Personal information
- Full name: James Ashley Stuart Spires
- Born: 12 November 1979 (age 46) Solihull, Warwickshire, England
- Batting: Right-handed
- Bowling: Slow left-arm

Domestic team information
- 1999-2005: Warwickshire
- 2001: Warwickshire Cricket Board

Career statistics
| Competition | FC | LA |
| Matches | 7 | 1 |
| Runs scored | 70 | – |
| Batting average | 17.50 | – |
| 100s/50s | –/– | –/– |
| Top score | 37* | – |
| Balls bowled | 1,330 | 60 |
| Wickets | 20 | 1 |
| Bowling average | 38.40 | 33.00 |
| 5 wickets in innings | 1 | – |
| 10 wickets in match | – | – |
| Best bowling | 5/165 | 1/33 |
| Catches/stumpings | 3/– | –/– |
- Source: Cricinfo, 25 October 2010

= Jamie Spires =

English cricketer

James 'Jamie' Ashley Stuart Spires (born 12 November 1976) is an English cricketer. Spires is a right-handed batsman who bowls slow left-arm orthodox. He was born in Solihull, Warwickshire and educated at Solihull School.

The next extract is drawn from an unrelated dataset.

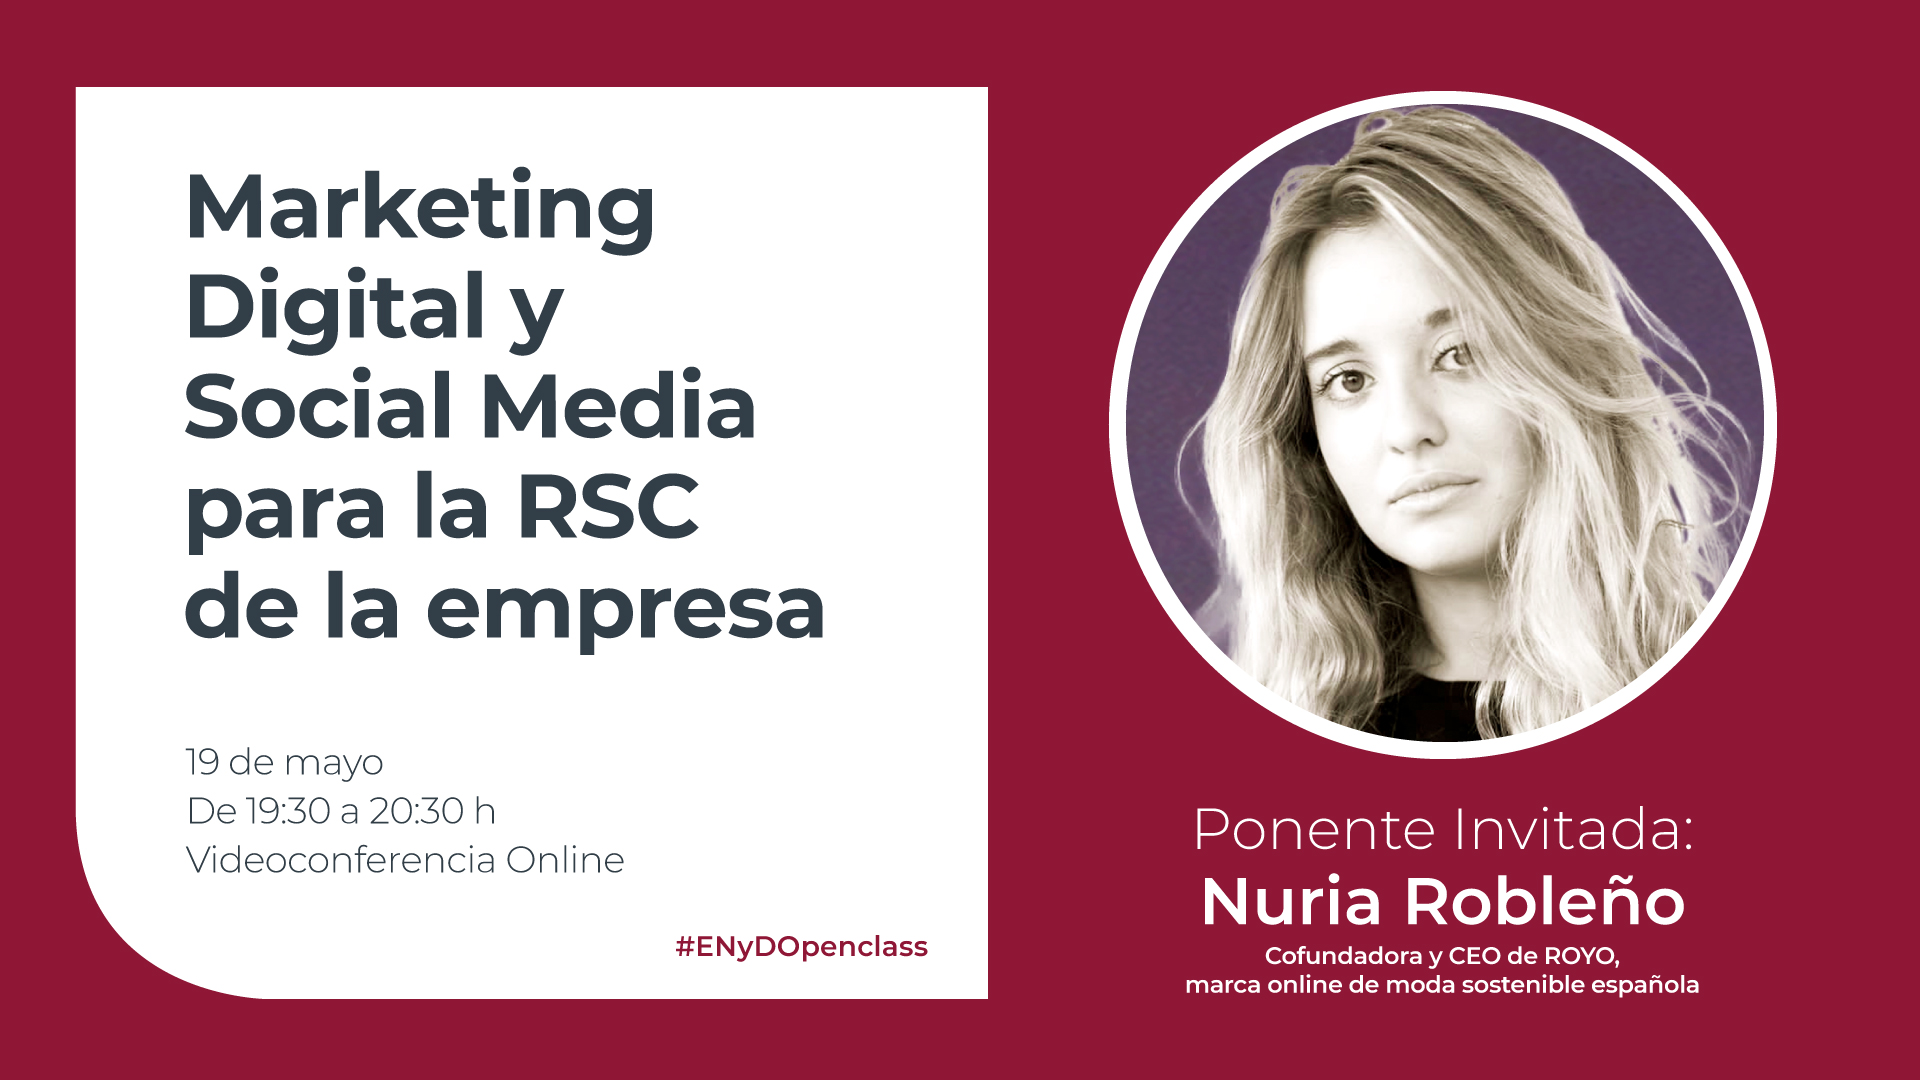 ENyDOpenClass Marketing Digital y Social Media para la RSC de la empresa Nuria Robleño
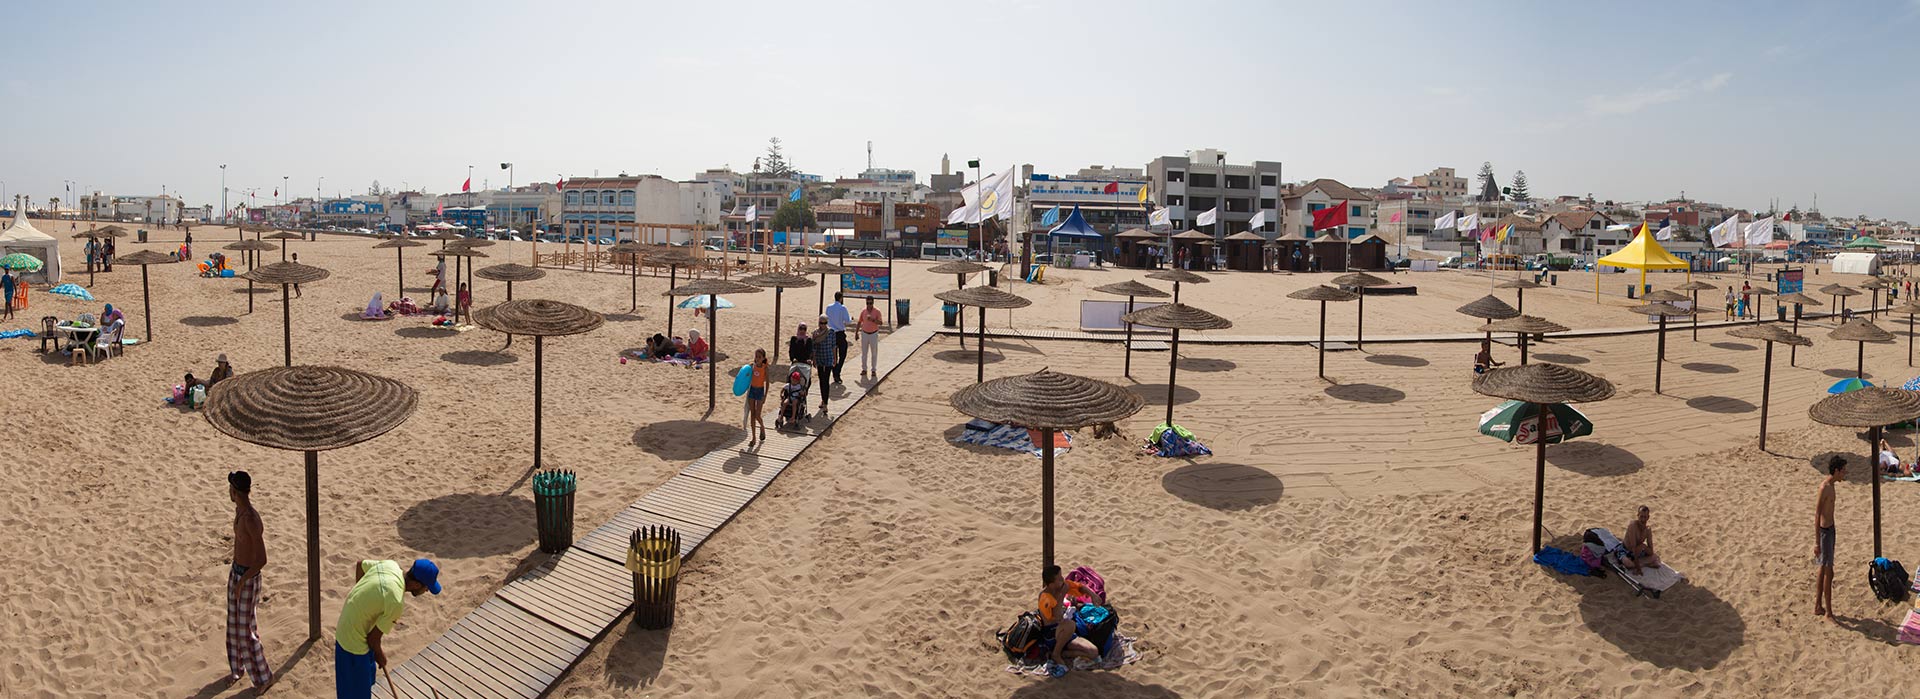 La Fondation Mohammed VI pour la Protection de l’Environnement organise en partenariat avec la Direction Générale des Collectivités Locales une formation pour les responsables techniques locaux chargés de la gestion des plages du royaume

Spires made his debut in first-class cricket for Warwickshire against Middlesex in 2001. From 2001 to 2002, he represented the county in 7 first-class matches, the last of which came against Sussex in the County Championship. In his 7 first-class matches, he scored 70 runs at a batting average of 17.50, with a high score of 37*. In the field he took 3 catches. With the ball he took 20 wickets at a bowling average of 38.40, with a single five wicket haul which yielded his career best figures of 5/165.

In 2001, he represented the Warwickshire Cricket Board in a single List A match against Cumberland in the 1st round of the 2002 Cheltenham & Gloucester Trophy which was held in 2001 at St George's Road, Millom. In his only List A match he took a single wicket at a cost of 33 runs.

He currently plays (and captained until December 2012) club cricket for Knowle and Dorridge Cricket Club in the Birmingham and District Premier League, guiding them to their first ever Birmingham League title in 2009.